Random Variability and Inference
Slide 1 of 8
Two Types of Uncertainty in Causal Inference
Every estimate of a causal effect is uncertain. However, not all uncertainty is created equal. In causal inference, we must distinguish between two fundamentally different types of error: random error (due to sampling variability) and systematic error (due to biases in study design or analysis). Understanding this distinction is crucial because the two types of error require completely different solutions.
- Decreases as sample size increases (proportional to $1/\sqrt{n}$)

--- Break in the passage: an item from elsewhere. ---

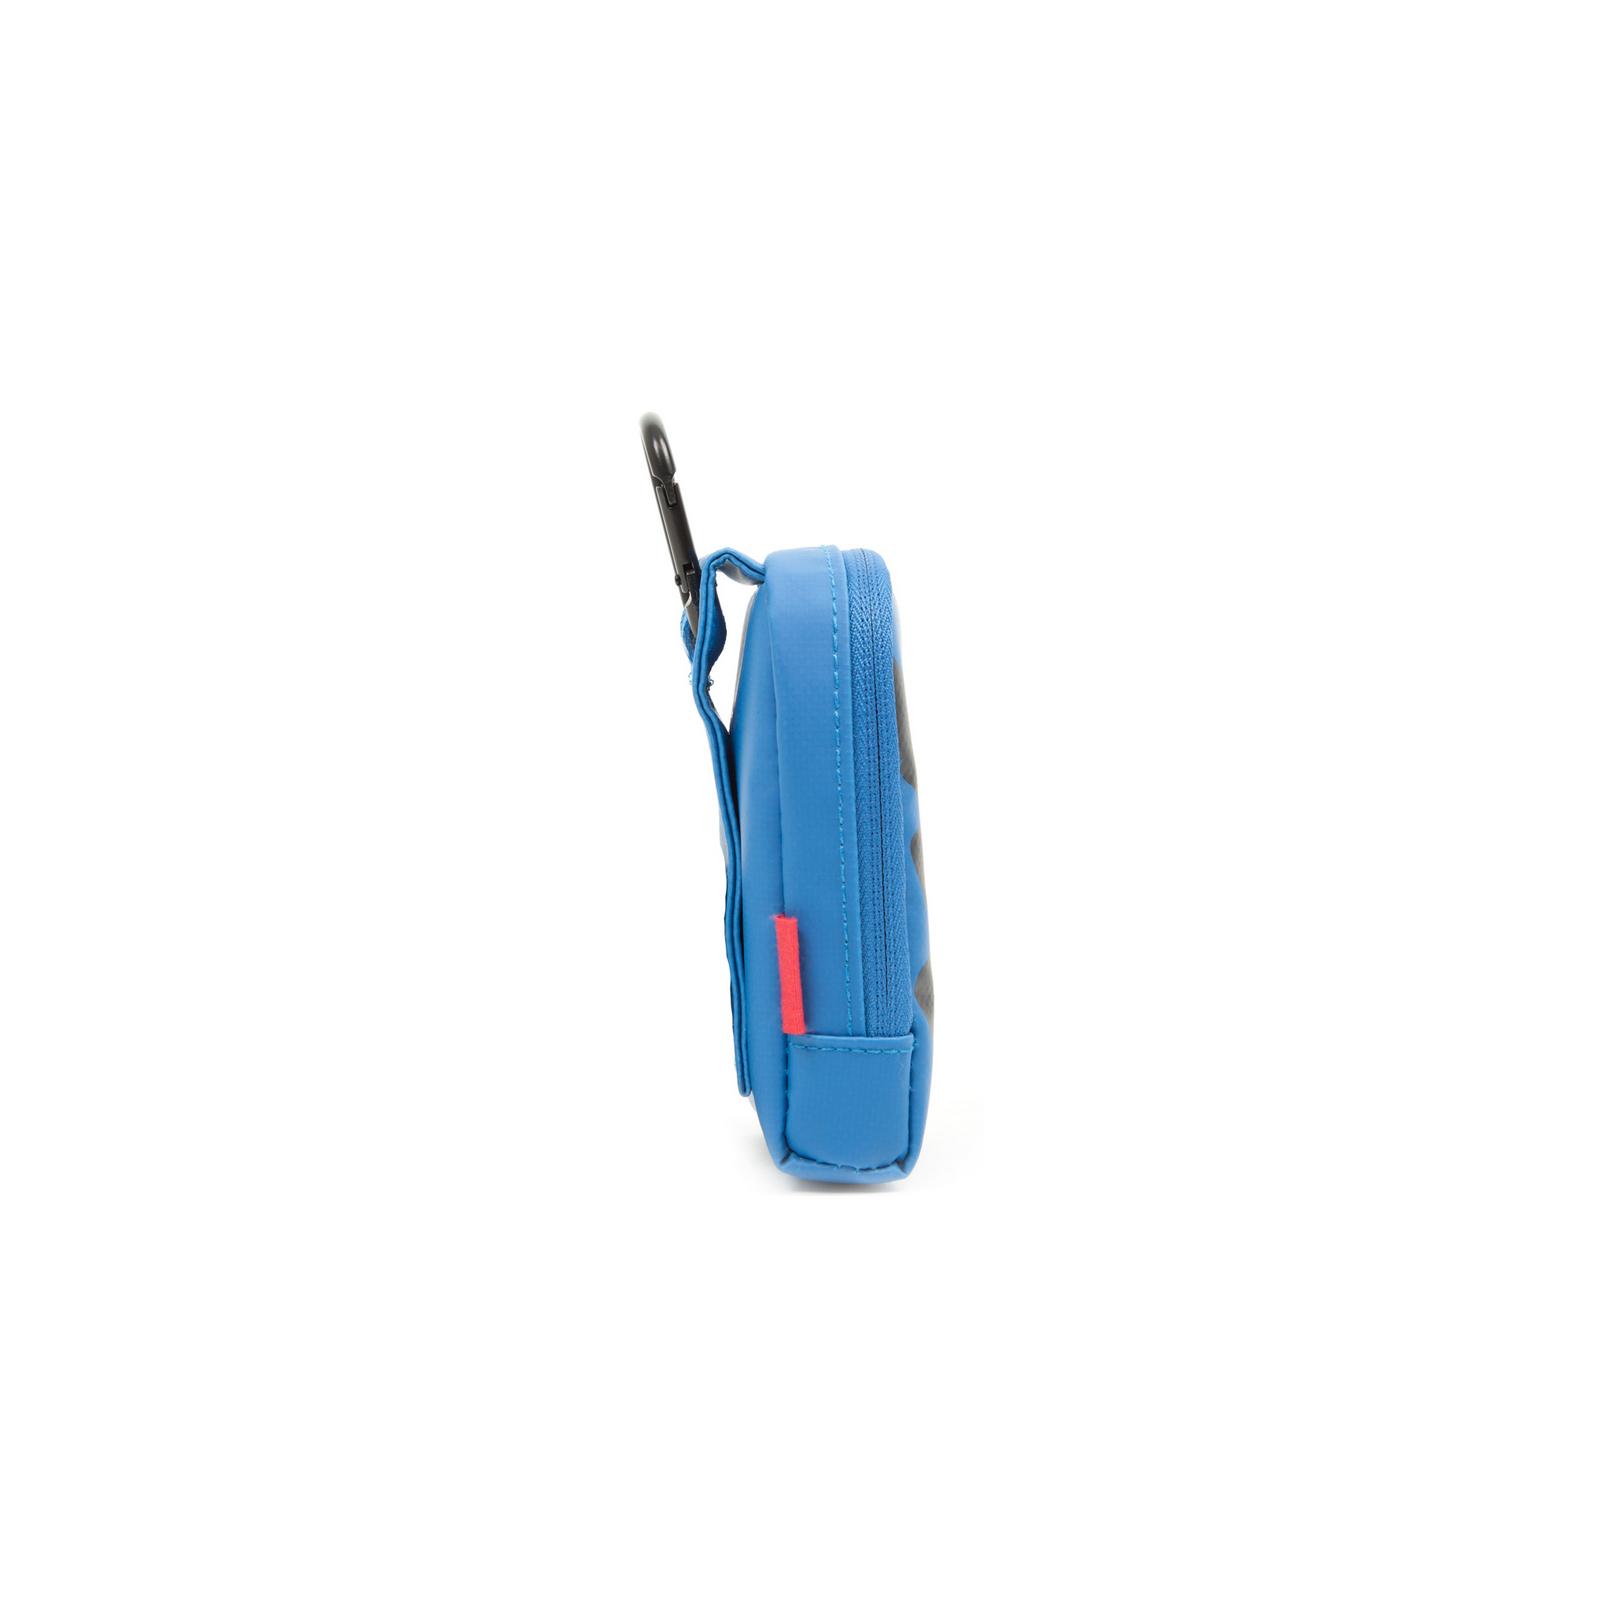 Фото-сумка Golla Digi Bag Burt PVC/polyester /blue (G1353) изображение 3

- Can be quantified using standard errors and confidence intervals
- Is "symmetric"—equally likely to make estimate too high or too low
- Is the focus of traditional statistical inference
- Does NOT decrease with larger sample size
- Cannot be quantified from the data alone—requires external information
- Is "directional"—tends to push the estimate in one direction
- Includes confounding, selection bias, and measurement error
| Characteristic | Random Error | Systematic Error |
|---|---|---|
| Cause | Sampling variation | Study design flaws |
| Solution | Larger sample size | Better design, adjustment, sensitivity analysis |
| Quantification | Standard methods (SE, CI) | Requires assumptions or external data |
| Direction | Unpredictable | Often predictable |
| With N → ∞ | Disappears | Remains |
This chapter marks a transition: after learning about specific biases (confounding, selection, measurement error), we now step back to understand how they fit into the broader framework of uncertainty. The key insight is that standard statistical inference addresses only half the problem—and often the less important half.